After lunch Ash shot a few short clips with me dressed and behaving like a poacher, stalking, shooting and clubbing to death an animal. Ash then converted these sequences to an amazing animation.

The rest of my day was spent catching up with the blogs that had got behind. Sorry everyone, but the combination of our moving around plus difficult internet connections, plus my learning to work with the blogging software which involved optimisation of photo images I took in RAW format all contributed to me getting behind. Catching up fast now.

The Anthropology team went to The Sweetwater Secondary School with Nancy from the from the Community Development Office, to carry out some interviews.

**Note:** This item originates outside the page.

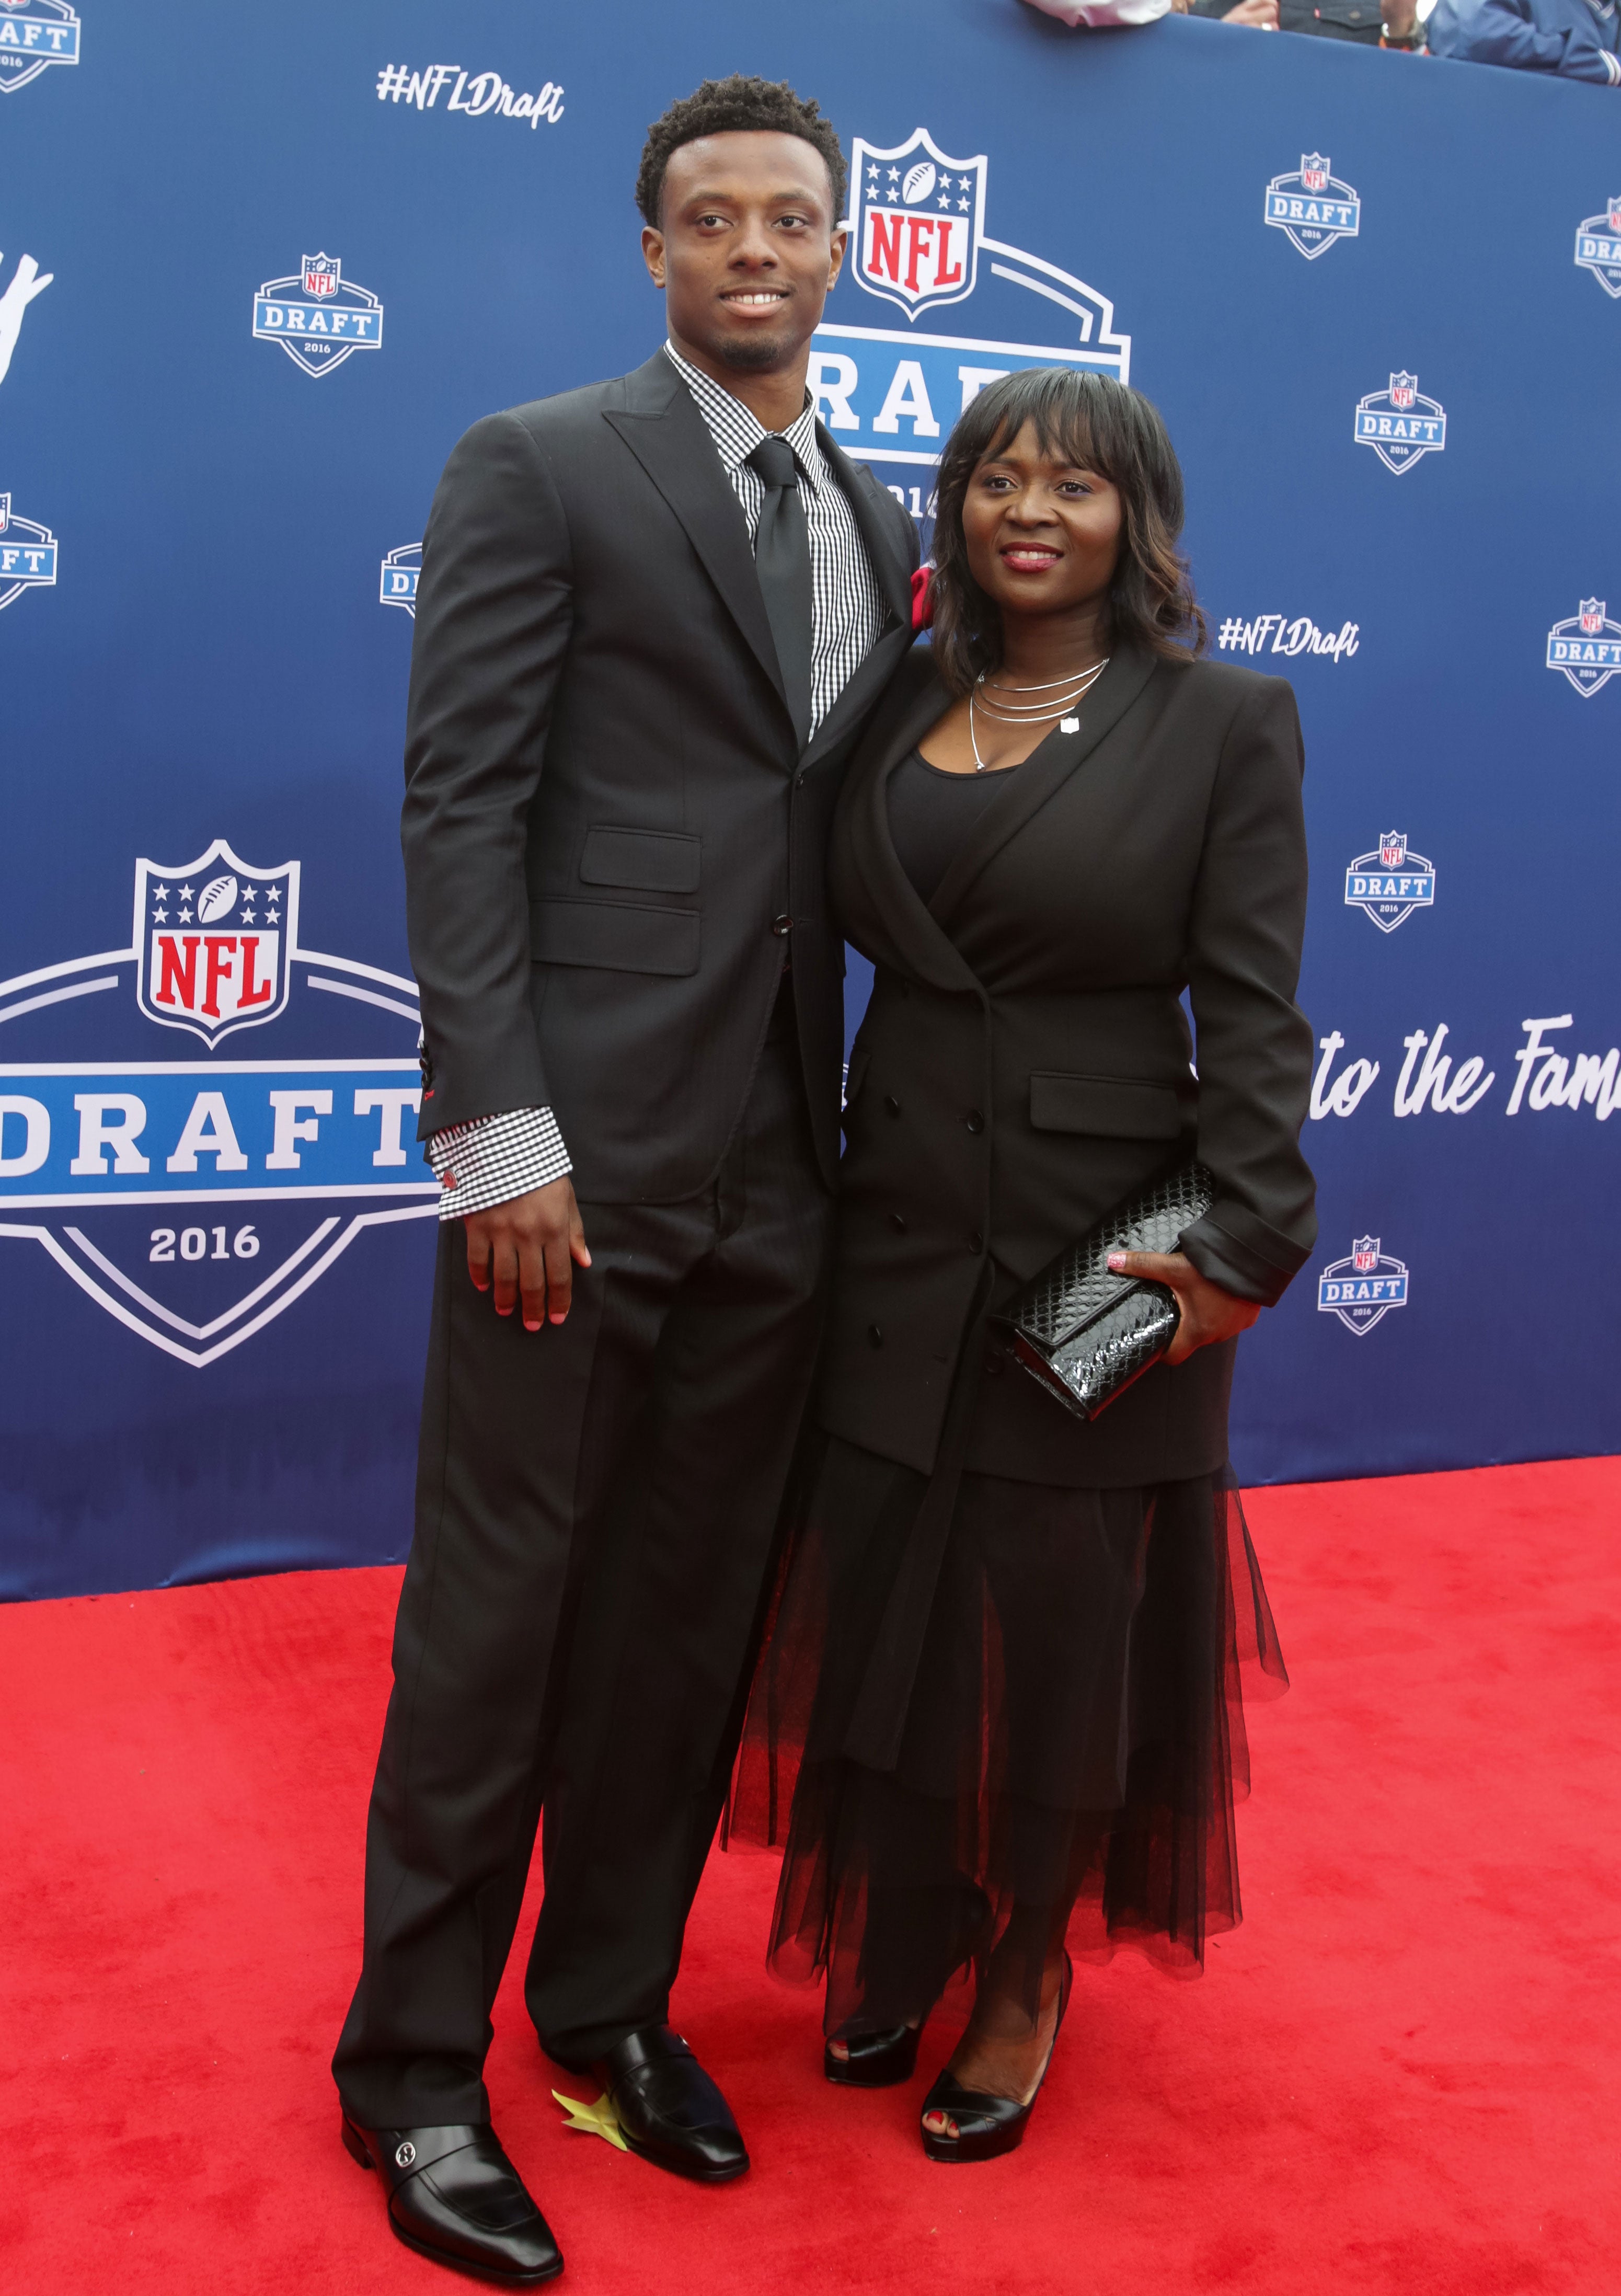 Eli Apple's Mom Knows What Goes Down In The DM

Jocelyn spoke with a teacher and four children, and David spoke with Deputy Principal David Muchemi, a couple of teachers and four children. One observation they made was that although the school had books which the children used for reading, there was no sizeable bookshelf on which to store and display them.

Two of the children interviewed had uncles working at Ol Pejeta, so they already knew quite a lot about the reserve and its aims and activities, and about animal conservation.

The Education team remained based in camp today working together with the Video team on the DVD combined project, planning characters, effects and storyboards.

Me? I remained in camp for a change, in the cool darkness of the Somali banda working with the Geek team, catching up with the blogs, and with Luke’s help, optimising my RAW image photos.

As a personal observation, it seemed kind of odd to me, here I was in Africa in the middle of a British Summer with the Kenyans shivering because it is their Winter, a key member of a team of amazing young media students and experts out in the bush filming, and me sitting in the shade of the Somali banda with the heat of fierce sunshine outside, among a hugely talented team of geeks intensely tapping away on their laptops oblivious to the rivers of power cables around their feet. Me, a non-geek sitting on a cushioned rattan armchair, water bottle by my left leg and Macbook cradled in my lap, my body being used like an exercise runway for the colony of tiny non-biting brown ants also sharing the banda. My creative thoughts paused as an image of a cold, long, gin and tonic with ice and lime, flashed though my brain. Heaven.